Copy out exactly the lines from the one with "Relax Dětské sluneční brýle Mona R3066A" through the last line of the listing below, both included, but none of the pictures.

• _GIVEN MATERIAL_

————

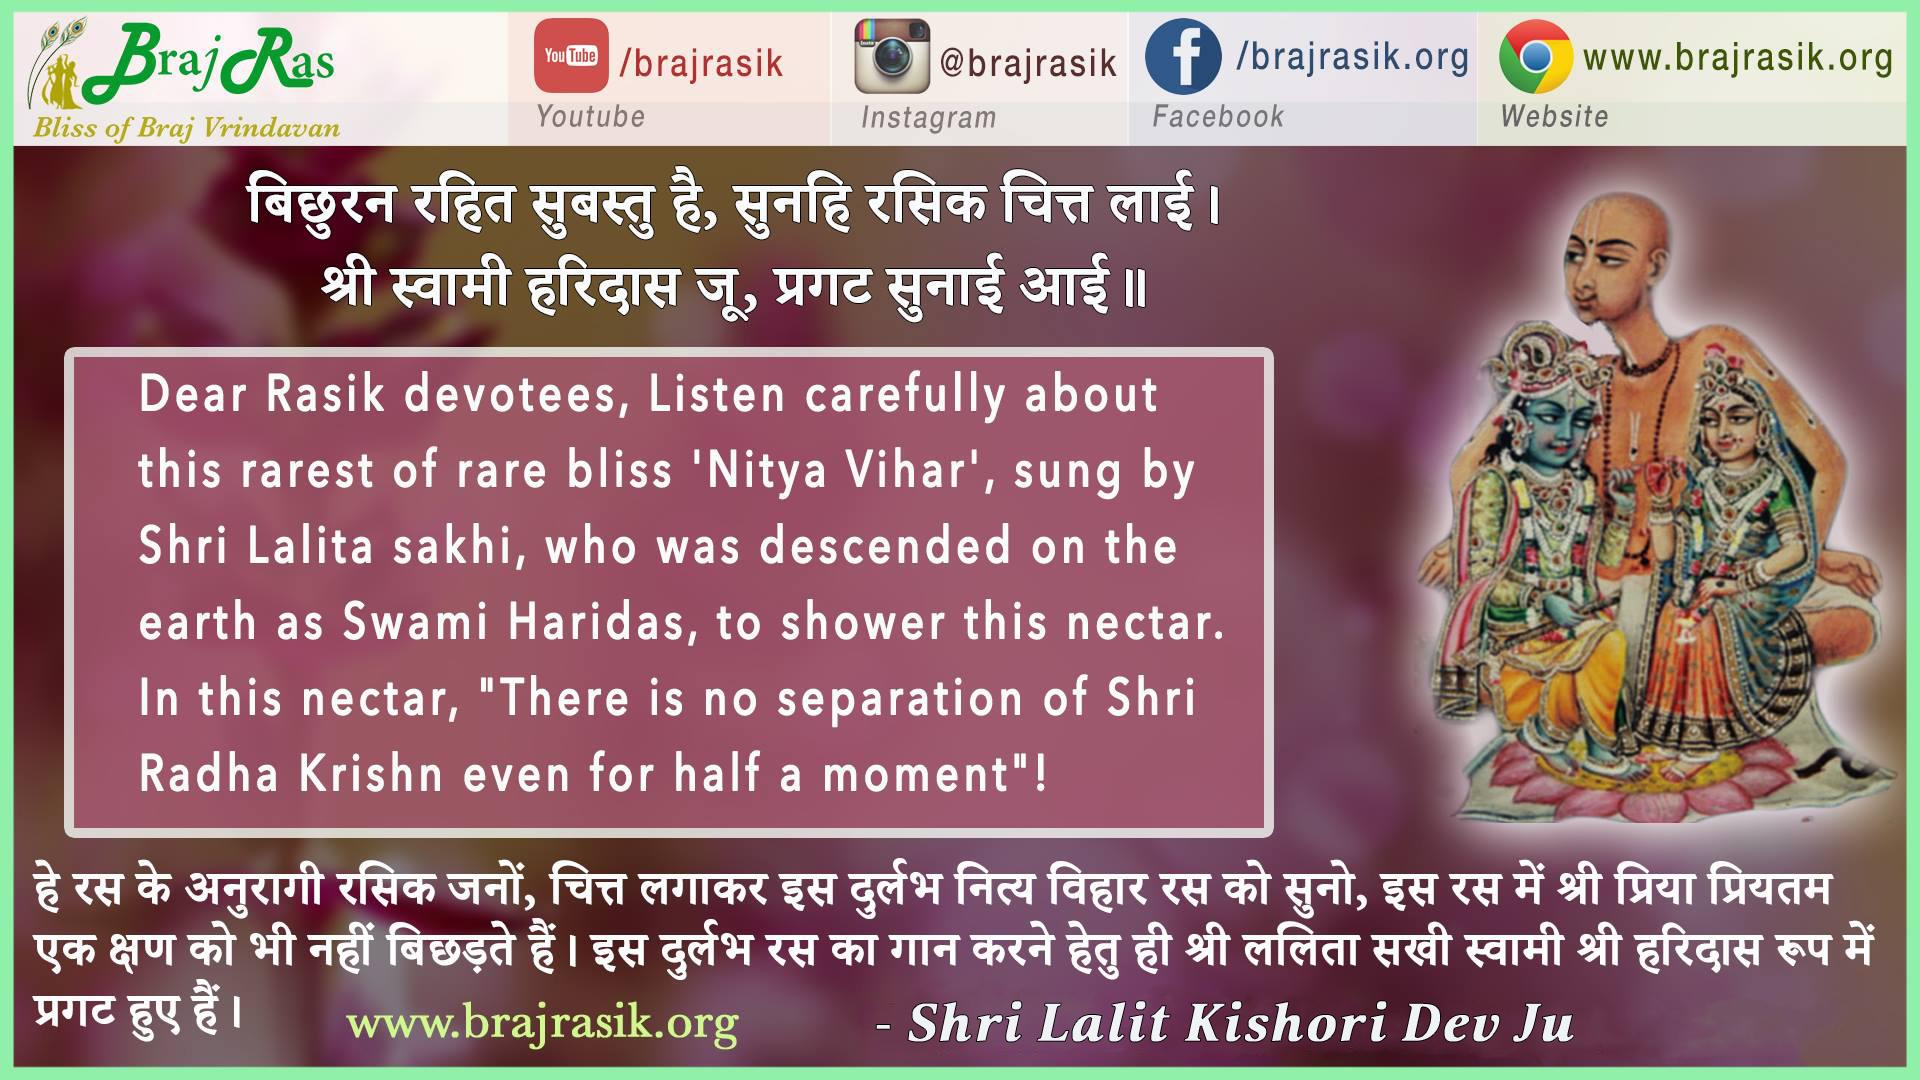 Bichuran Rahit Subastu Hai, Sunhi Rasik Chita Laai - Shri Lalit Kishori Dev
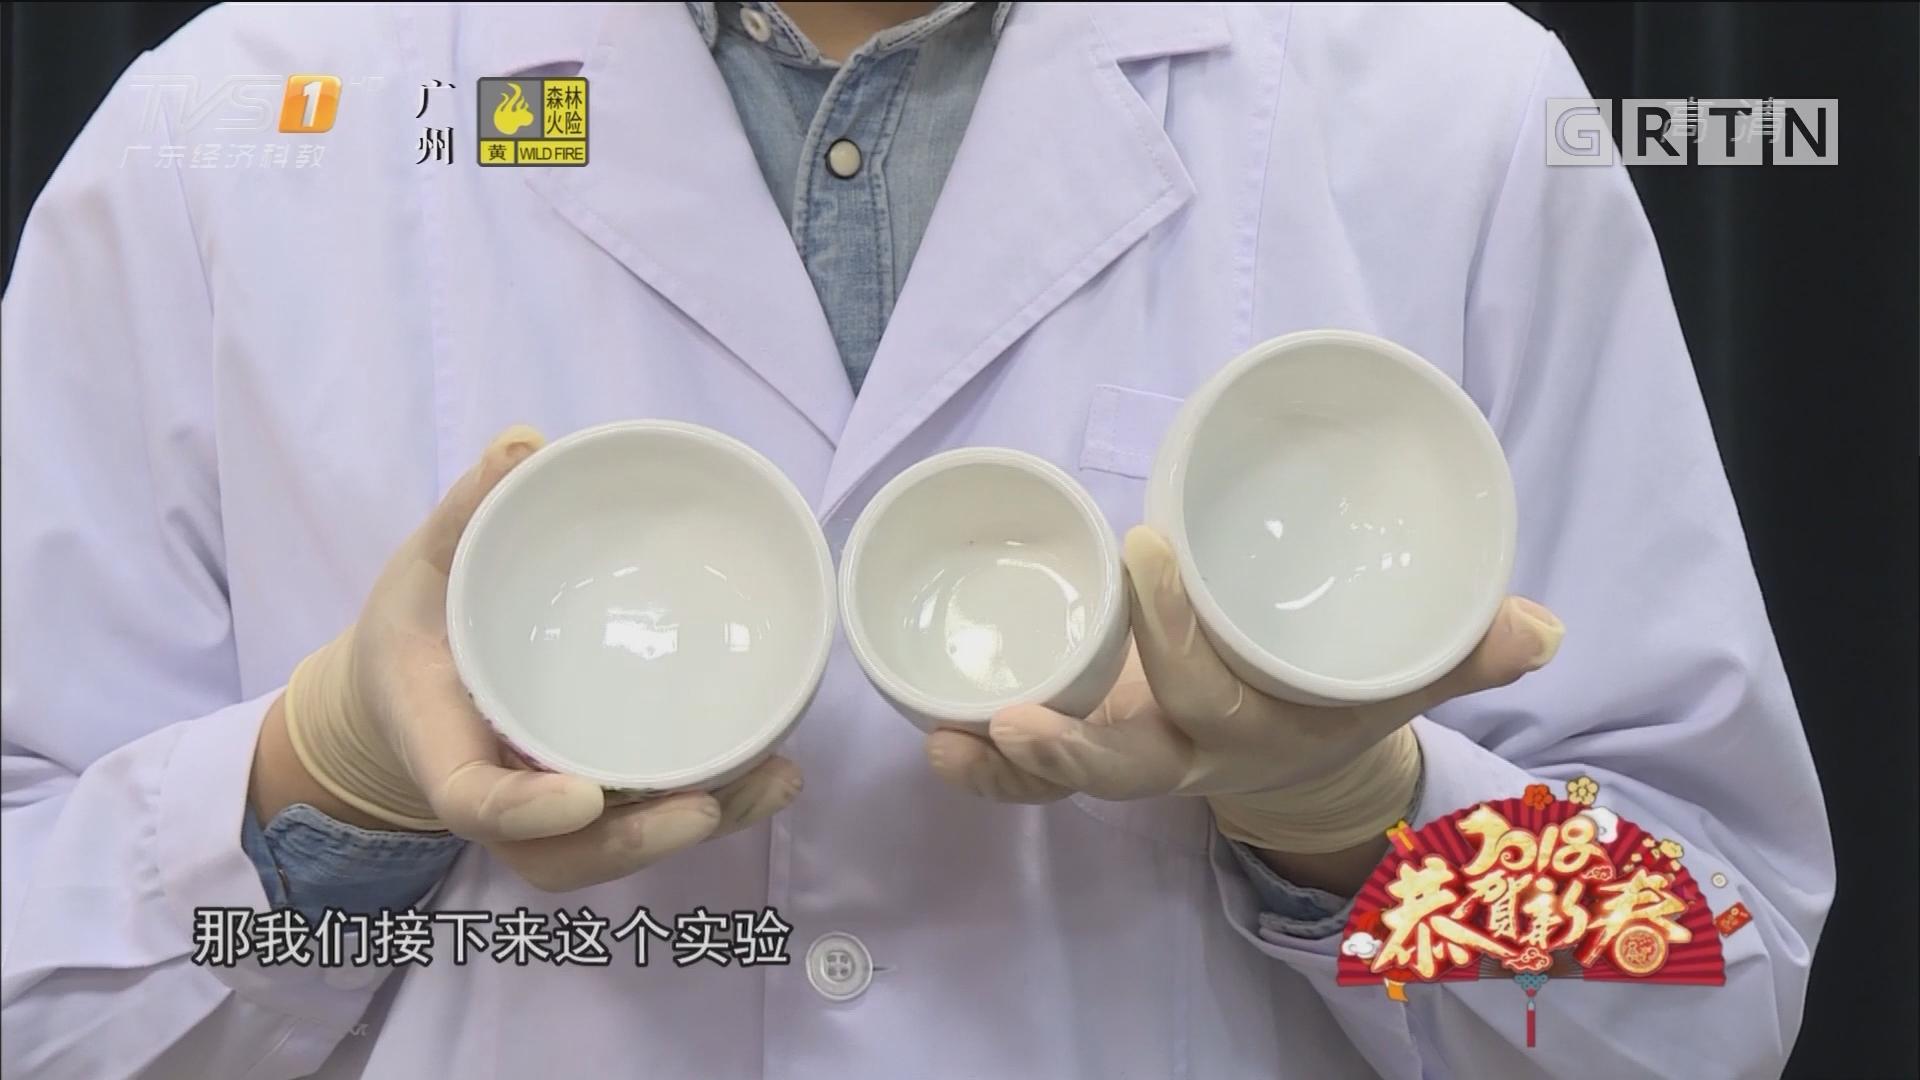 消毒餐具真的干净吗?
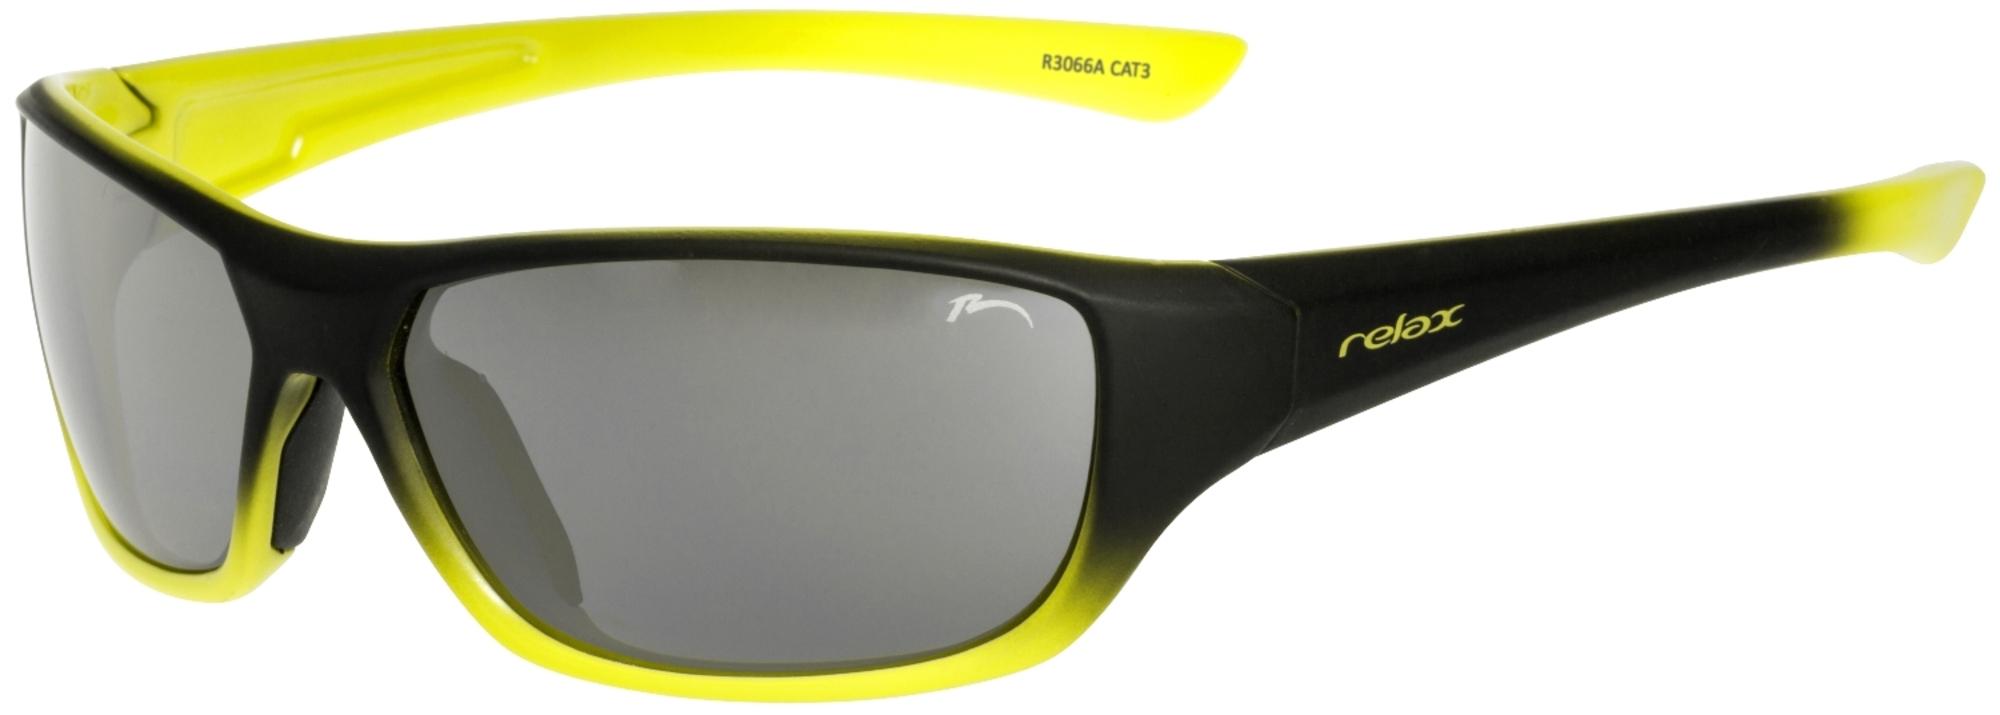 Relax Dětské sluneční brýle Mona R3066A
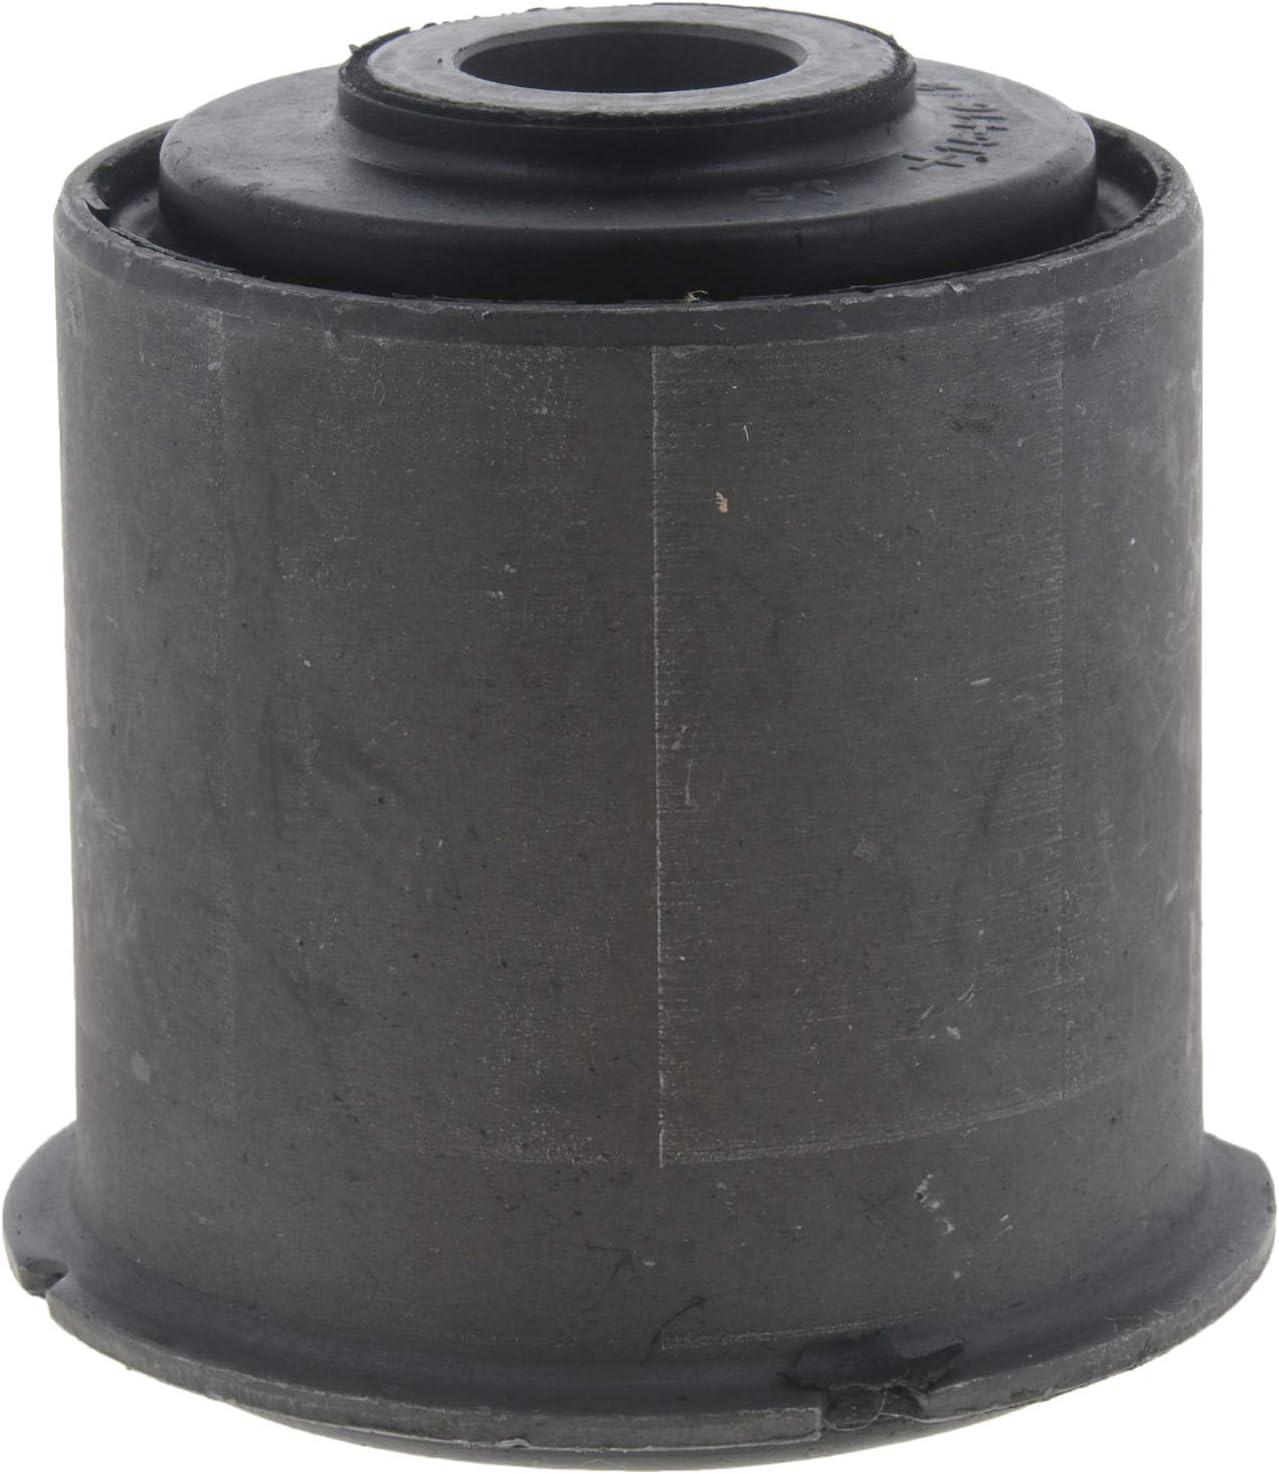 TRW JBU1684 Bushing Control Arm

————

• _WRITTEN RESPONSE_
 Relax Dětské sluneční brýle Mona R3066A
 TRW JBU1684 Bushing Control Arm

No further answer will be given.